Analysis and Predictions on customers' satisfaction

This project is part of British Airways Virtual Experience, on the website The Forage. Here the repository with notebooks and findings.


The Experience

During this program, we are asked to perform some Data Scientist’s job: build a reviews dataset and perform some analysis over it, and after that we are asked to perform some predictive analysis over a booking dataset to understand which are the main features that contributes to customers’ choice.


Steps

  • To analyse customers’ sentiment after a flight with British Airways, we must build a dataset.

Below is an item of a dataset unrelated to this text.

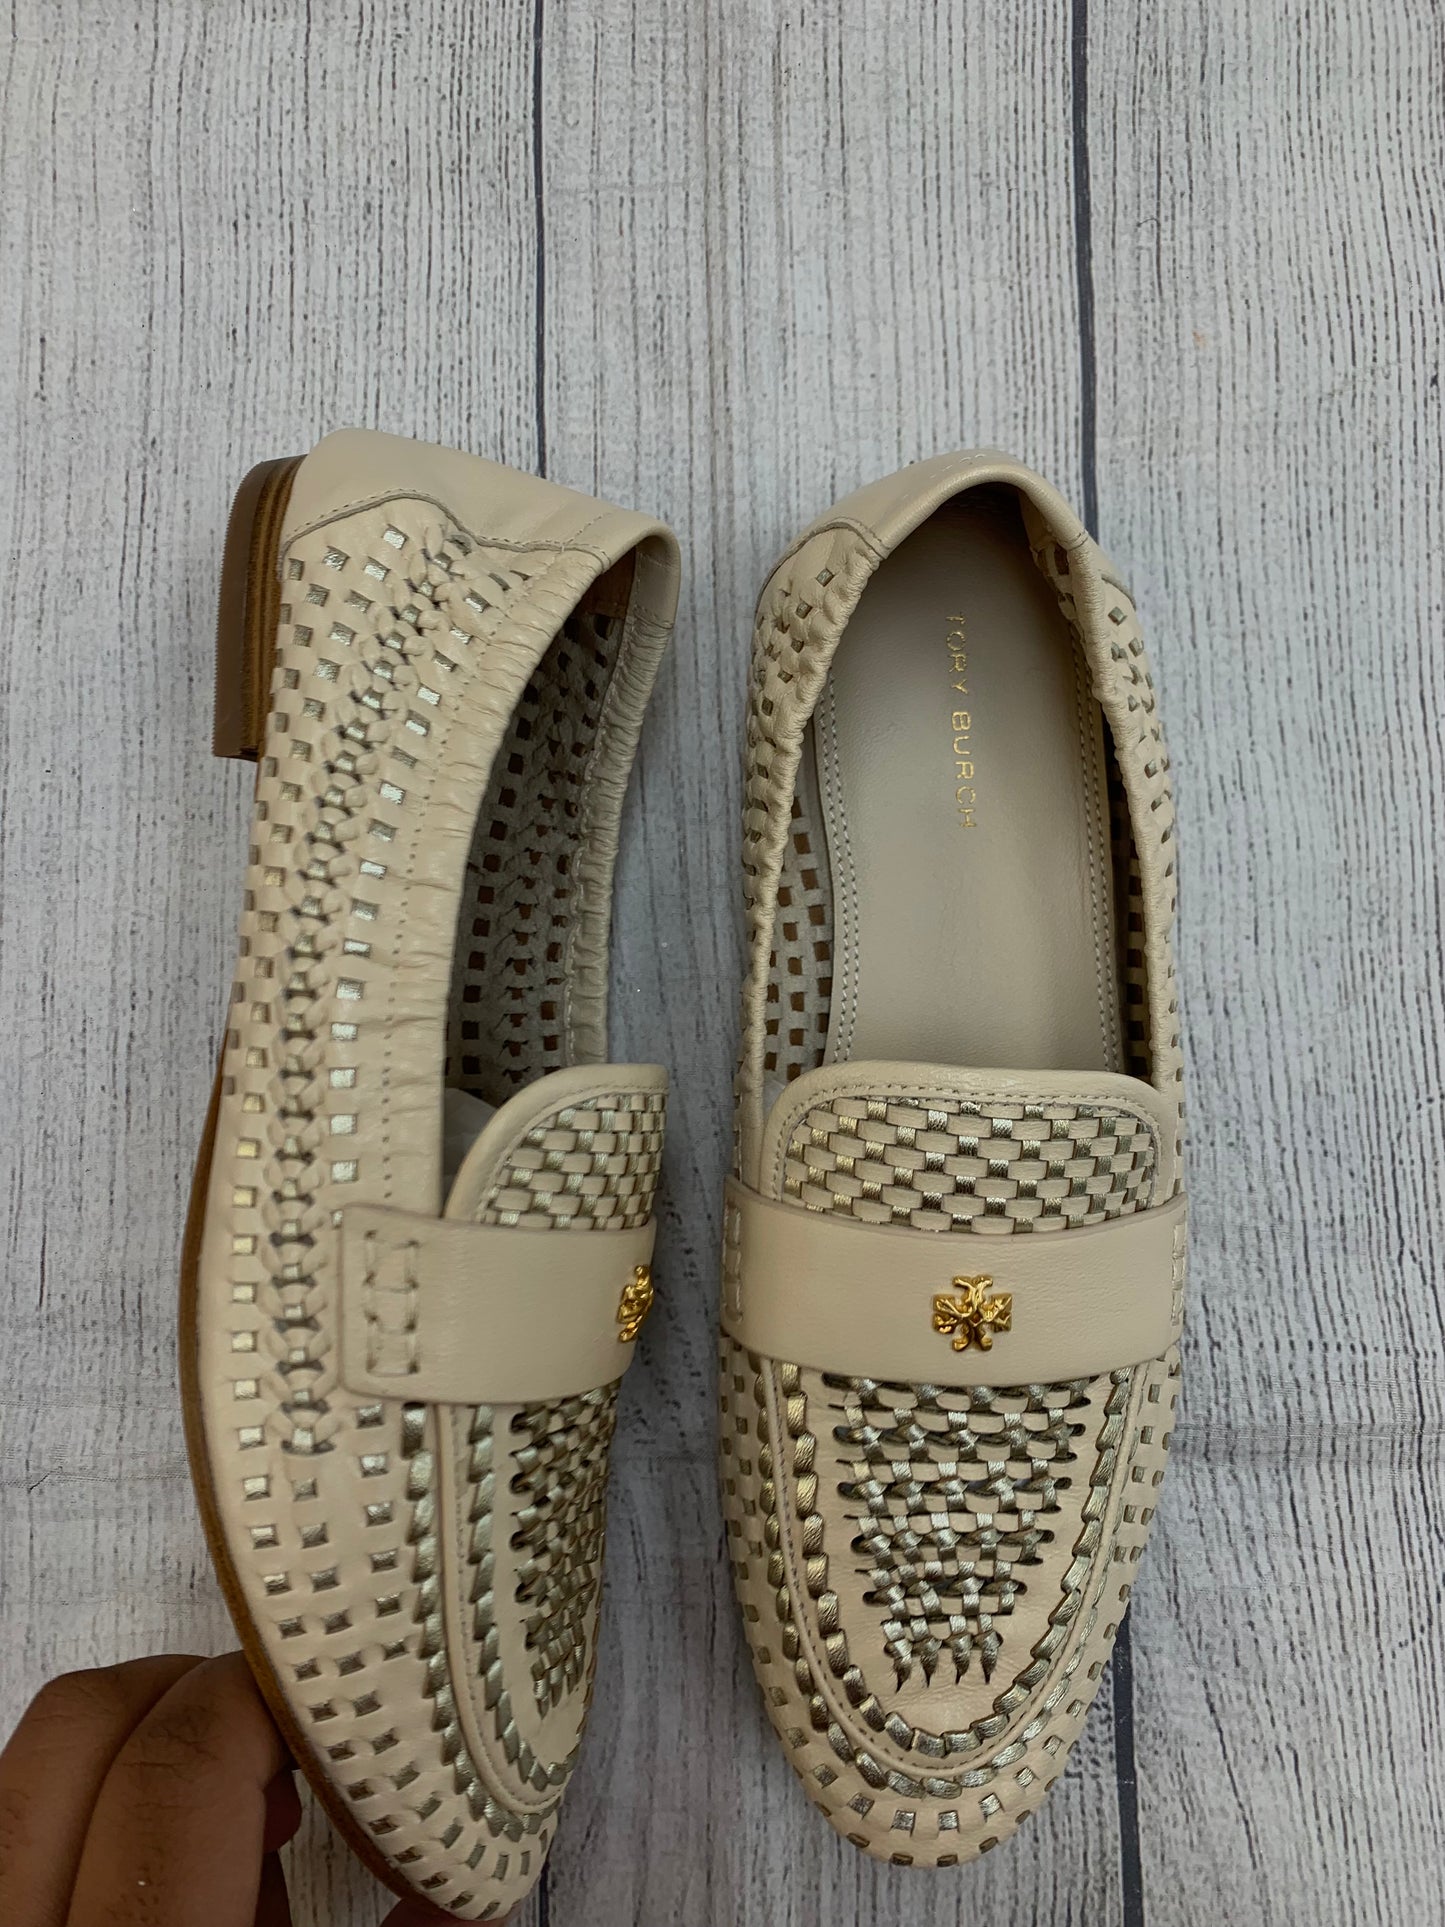 Shoes Flats Ballet By Tory Burch  Size: 7

We are asked to scrape data from SkyTrax website:
    1. After inspected the website, we began our notebook using ‘request’ and ‘BeautifulSoup’ to grab and inspect reviews data from HTML pages.
    2. Then we built two datasets: the first with reviews text, the second one with customers’ impressions about the flight (web-scraping).
    3. At the end of the task, we performed a rapid analysis over these two datasets: we searched for the most used words in negative reviews (data cleaning and first analysis), and the customers' sentiment (analysis on sentiment).
  • The second task was focussed on predictive analysis: we were asked to train a model on a dataset of 50000 examples of booking process, to understand which features are more important for a customer to purchase a flight (predictive analysis):
    1. The dataset was given by British Airways and had no missing data in it, but many features was in a string format, so we needed to encode them. After checked dataset info, we decided to encode our features using Pandas categories.
    2. After this pre-processing, we analysed the dataset to understand data distribution, especially labels distribution. We noticed that this distribution was extremely skewed.
    3. We tried to build and train a ‘RandomForestClassifier’, but as we expected the estimator was very inaccurate and prone to biases.
    4. To avoid this kind of problem we tried oversampling to balance the number of positive and negative samples, and after this operation our model performed quite well on our dataset.

What we have found

General Sentiment

During the first part of the project we have found that most reviews are negative, as shown in the graph.

  • 58% of customers would not recommend British Airways
  • 42% of customers would recommend British Airways